Metric	Meaning	Good Value
r2	R-squared — how much of the variance in the target variable is explained by the model.	Closer to 1 is better
meanAbsoluteError - The average of absolute errors (how far off your predictions are, on average).	Closer to 0 is better
meanSquaredError - Average of squared errors (penalizes larger errors more heavily).

In PySpark, the VectorAssembler is a feature transformer provided by pyspark.ml.feature. It is used to combine multiple columns (features) into a single vector column — which is required for many machine learning models in Spark MLlib.

Most Spark ML models (like linear regression, decision trees, clustering, etc.) require input features to be in a single column of type Vector. But your dataset often has features spread across multiple columns.

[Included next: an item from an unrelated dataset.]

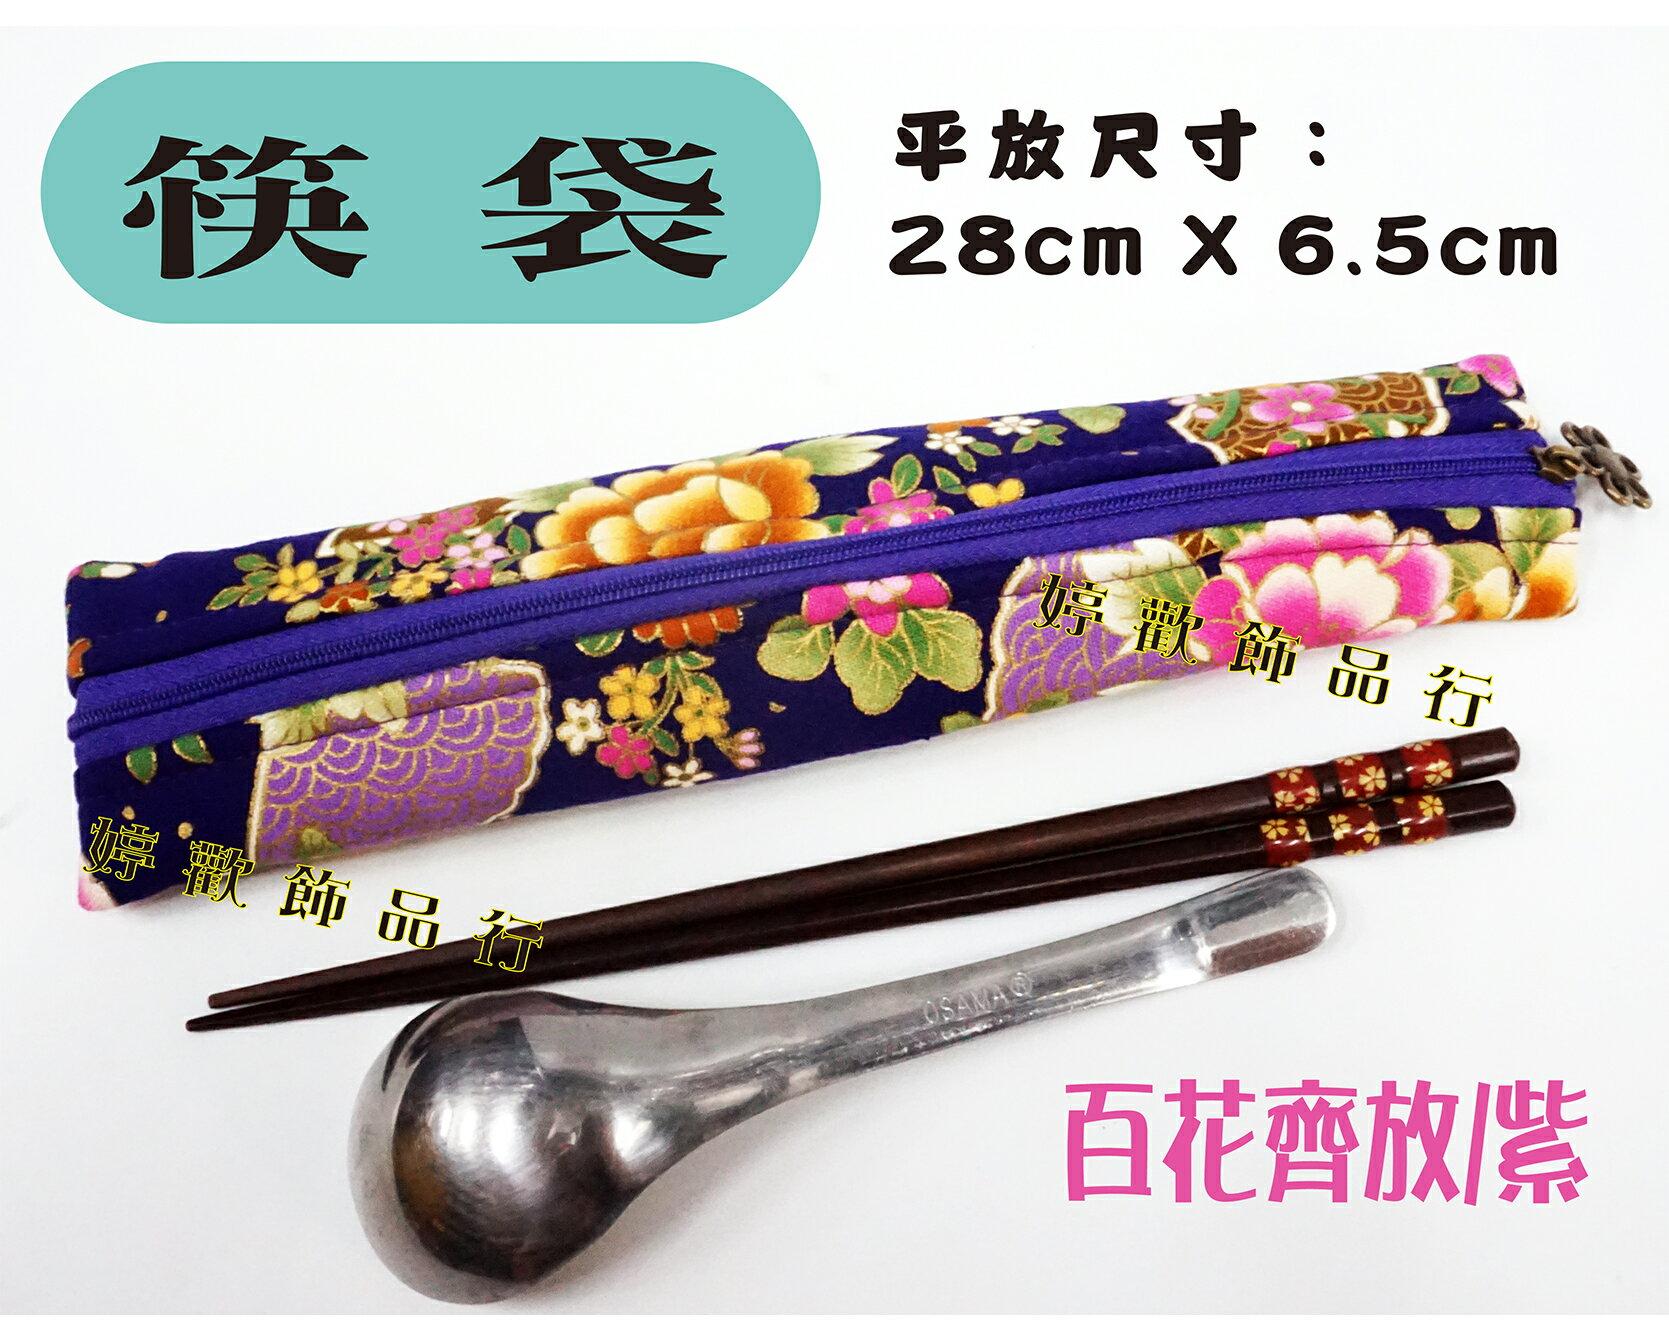 筷袋/牙刷袋/台灣製造/日本布料/時尚美觀/百花齊放

VectorAssembler helps by combining those into one.

In machine learning, the term feature is just a fancy word for:
A measurable property or characteristic of the data you're using to make predictions.
In a DataFrame or table:
A column like Age, Salary, Experience, etc., becomes a feature if you're using it to help predict something.

inputCols: A list of column names that you want to combine into a single vector column.
outputCol: The name of the new column where the result (a vector) will be stored.

if your column is a string like "Male", "Female", "High", "Low", etc., you must convert it to numeric using:
StringIndexer → Converts string labels to numeric index (e.g., "Male" → 0, "Female" → 1)
OneHotEncoder → Converts categories into binary vectors (e.g., "Red", "Green", "Blue" → [1,0,0], [0,1,0], [0,0,1]).

Linear Regression: Used For Predicting continuous numbers like Predicting house prices, salary, or temperature.
How it works:
It draws a straight line through data points.
Tries to find the best line that minimizes the error between predicted and actual values.
Real-life example: You want to predict someone's salary based on years of experience.

Logistic Regression: Used For Binary classification (Yes/No, 0/1, True/False) like Will a customer buy a product? (Yes/No), Is this email spam?
How it works:
It gives probabilities and puts a threshold (usually 0.5) to make decisions.
Think of it like: “What’s the chance this belongs to class A or B?”
Real-life example: You input someone’s age, income, and behavior → the model predicts whether they will buy your product.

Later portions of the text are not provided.